Ce qui frappe d'emblée, c'est la manière dont l'enquête résonne avec le thème du BTS. Le programme scolaire aborde la question animale sous un angle philosophique et littéraire. Pavel propose une version radicalement différente. L'os contre le texte. La poussière contre le concept.
Caligula, le Viking et les neuf chiens : les mystères qui ouvrent l'enquête
Le premier chapitre du livre fonctionne comme une galerie des horreurs et des merveilles. Caligula, empereur romain réputé fou, aurait voulu nommer son cheval Incitatus consul. Pavel démonte cette légende avec précision : les sources antiques sont tardives, partiales, et aucune preuve matérielle ne confirme cette prétendue folie. Ce que l'archéologie révèle, c'est une instrumentalisation politique du cheval, un symbole de pouvoir plus qu'un caprice.

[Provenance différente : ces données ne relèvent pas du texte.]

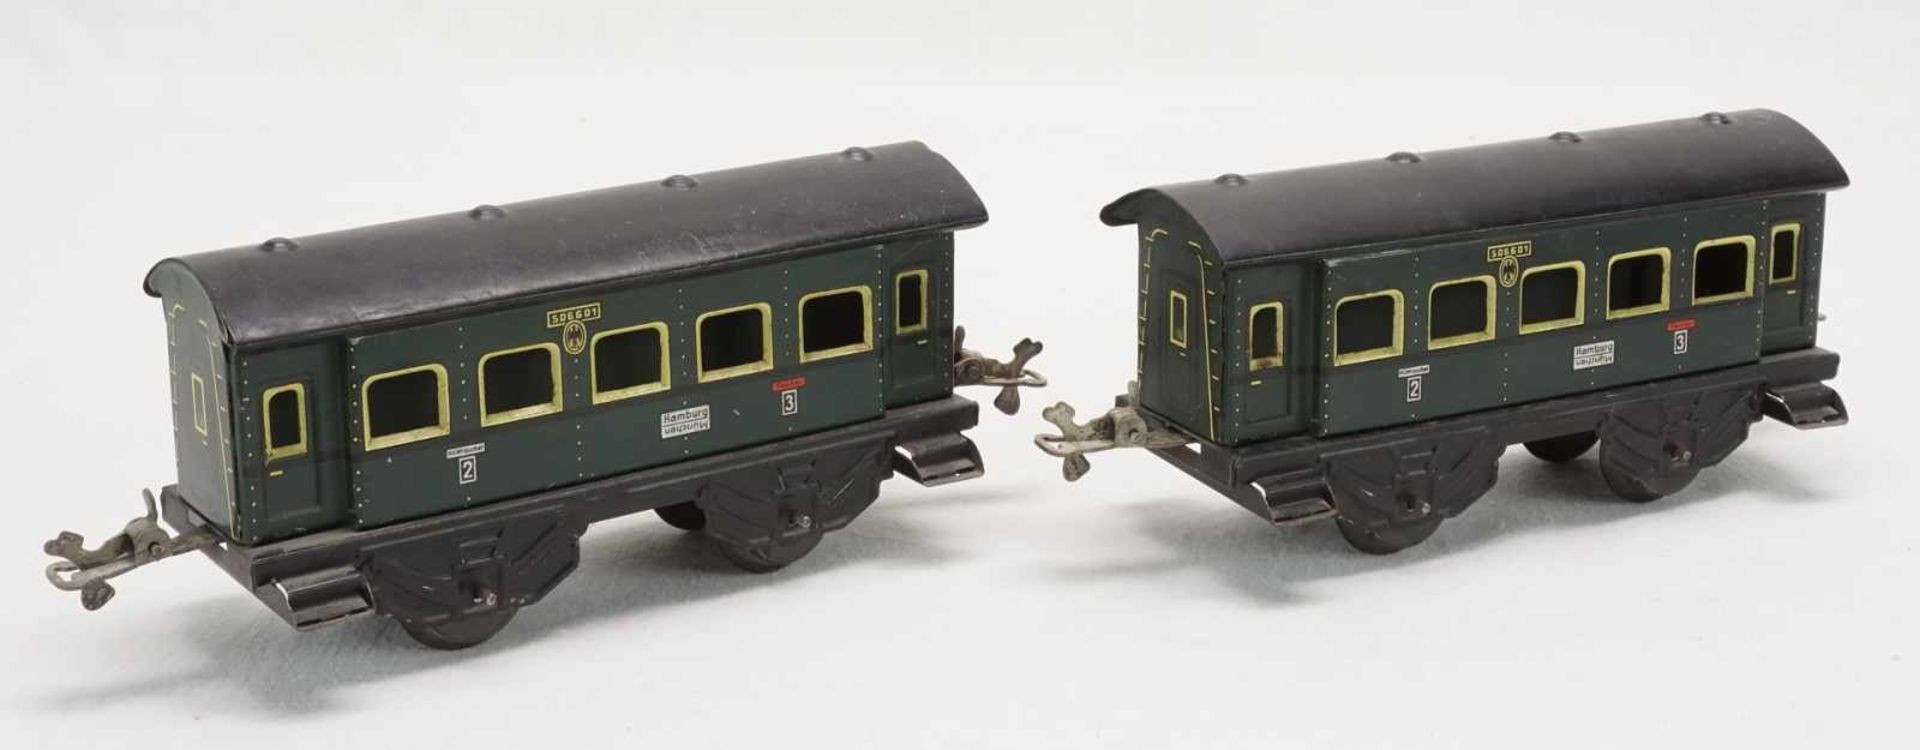 Eisenbahnanlage mit Lok und Wagen, Spur 0, um 1930Blech lithografiert, elektrische Schlepptenderlok, - Image 5 of 8
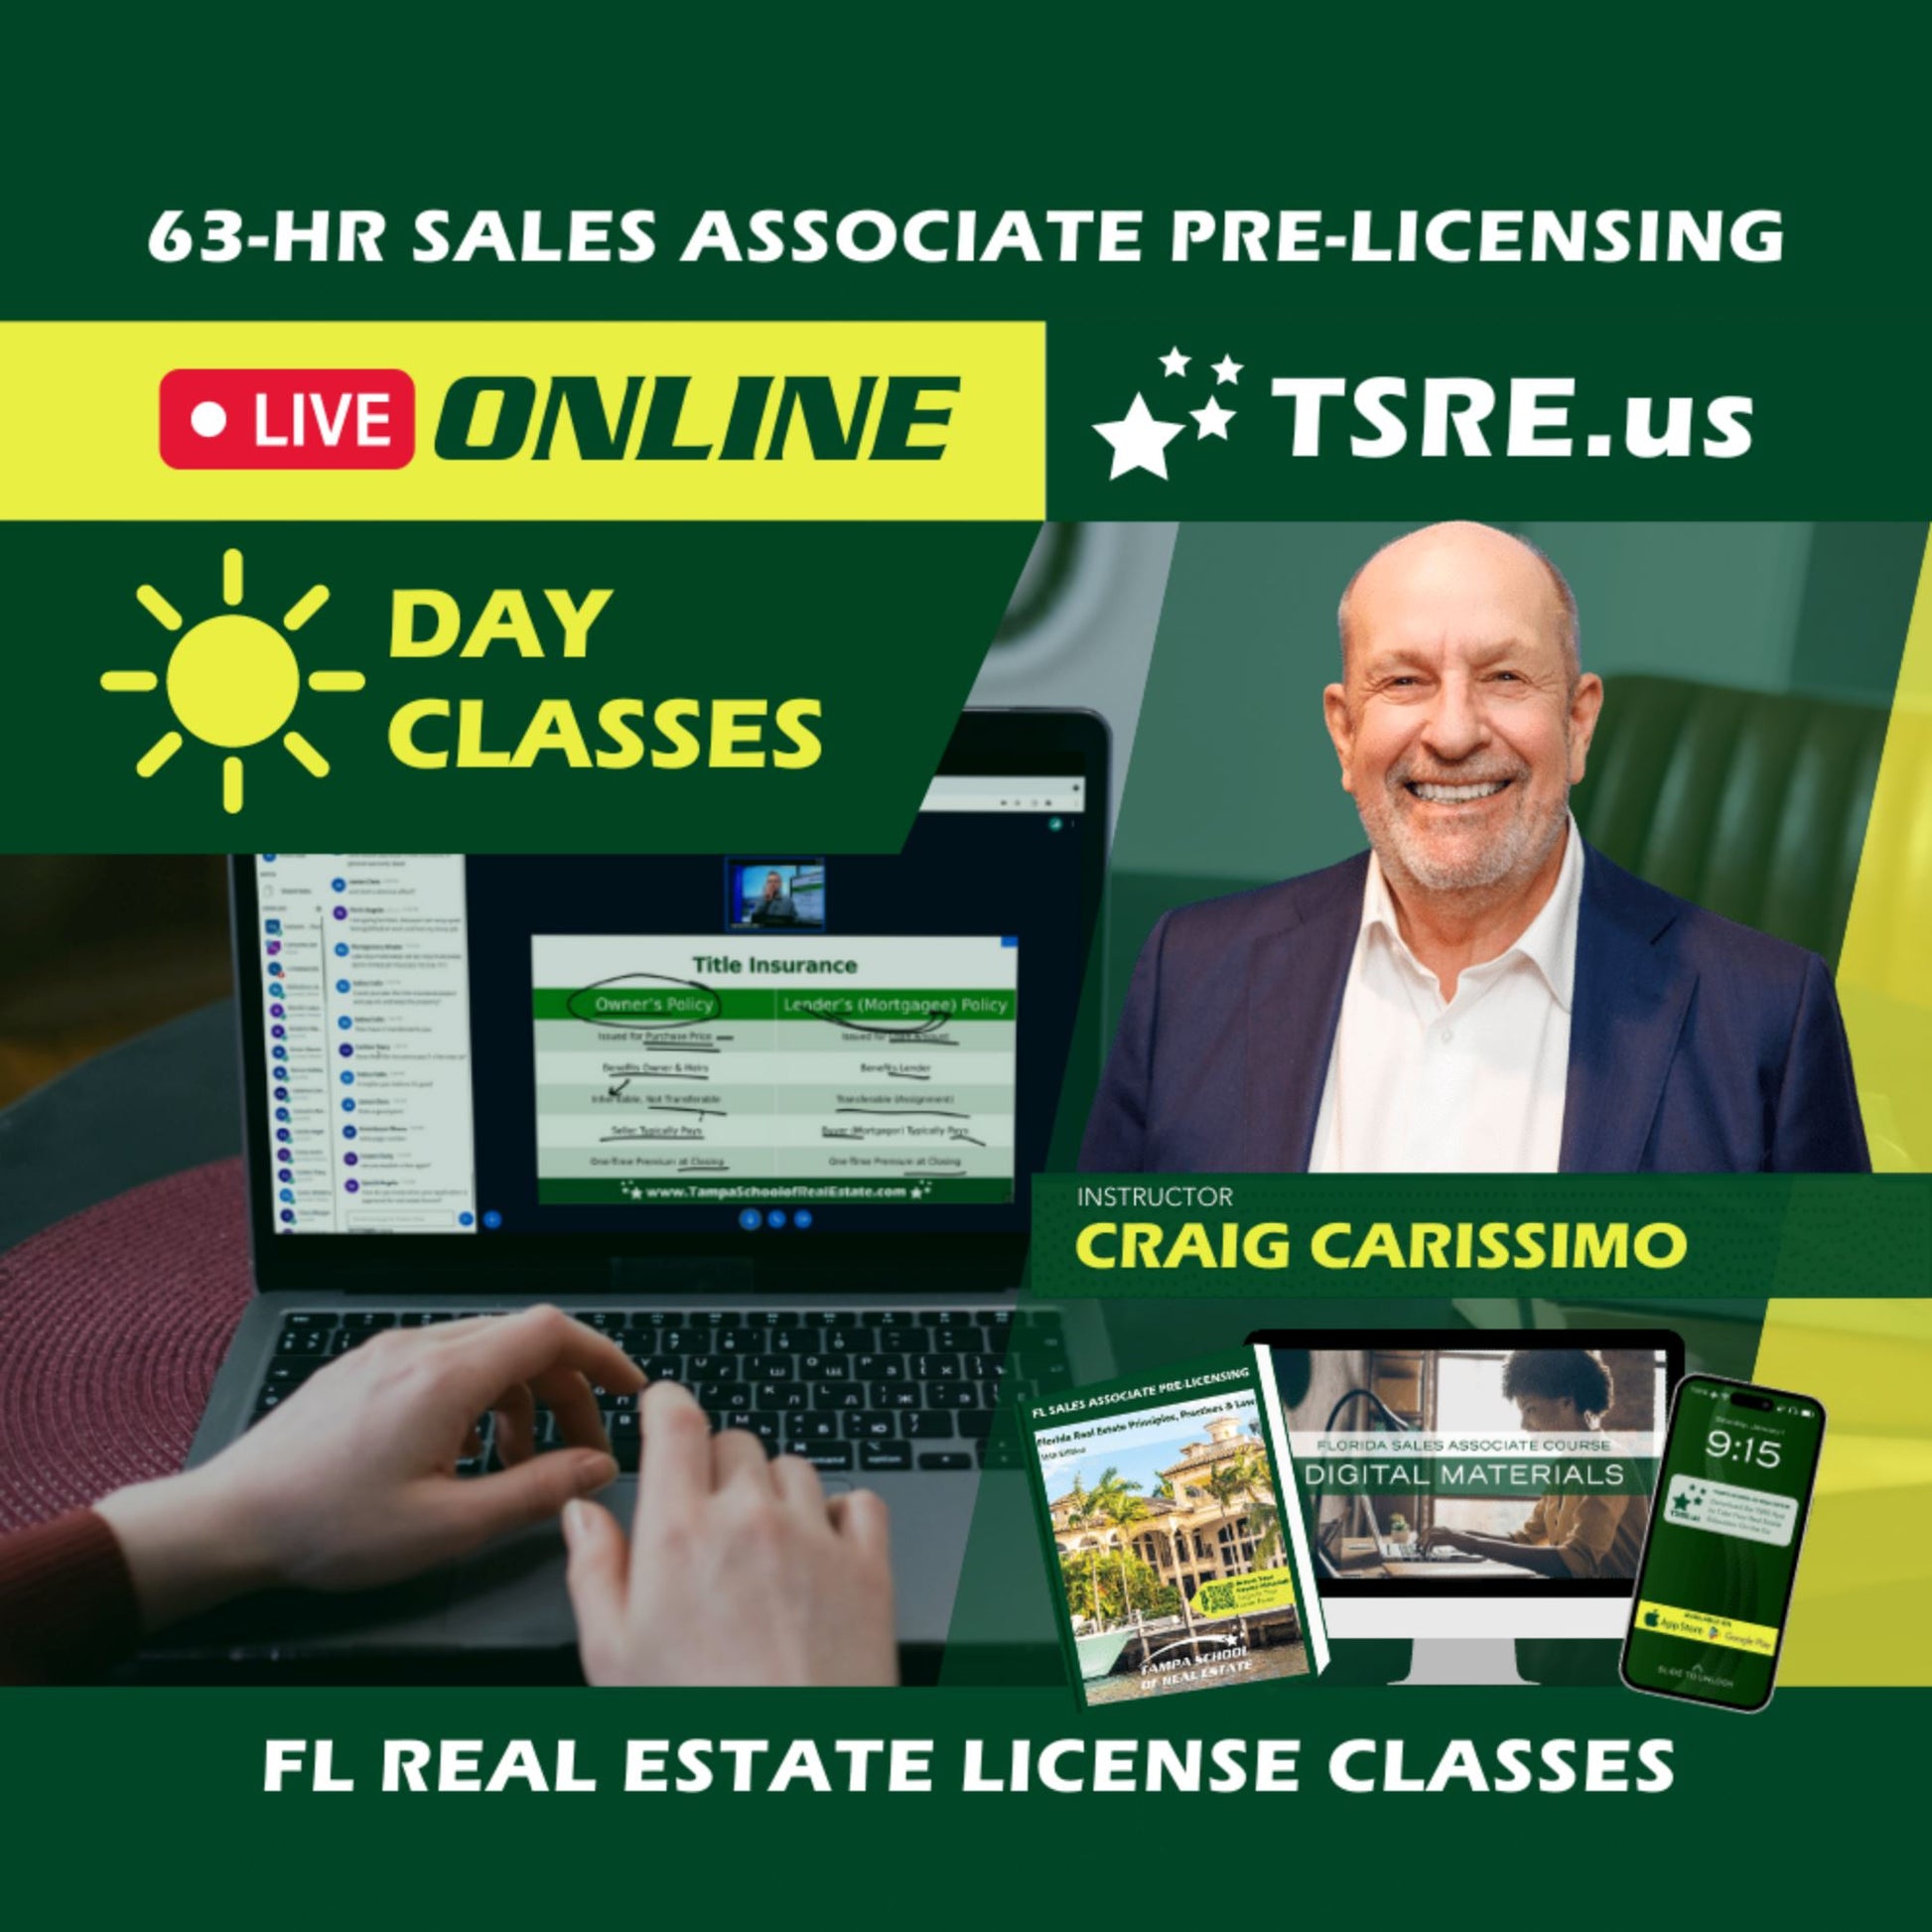 LIVE Online | Apr 22 9:15am | 63-HR FL Real Estate Classes SLPRE TSRE LIVE Online | Tampa School of Real Estate

Le Viking incinéré avec brebis, taureaux, éperviers et poissons est encore plus frappant. Pourquoi tant d'espèces différentes ? La réponse tient dans la cosmologie nordique : chaque animal correspond à un dieu, à un monde, à une fonction dans l'au-delà. Mais Pavel ne s'arrête pas à la symbolique. Il examine les ossements calcinés, mesure la température du bûcher, reconstitue le geste rituel.
Les neuf chiens dans la tombe de babouins posent la question la plus troublante : et si les animaux étaient enterrés non pas comme des objets, mais comme des sujets ? L'archéologue roumain suggère que ces chiens avaient un statut particulier, presque humain. Une hypothèse qui bouscule notre vision de l'Égypte ancienne.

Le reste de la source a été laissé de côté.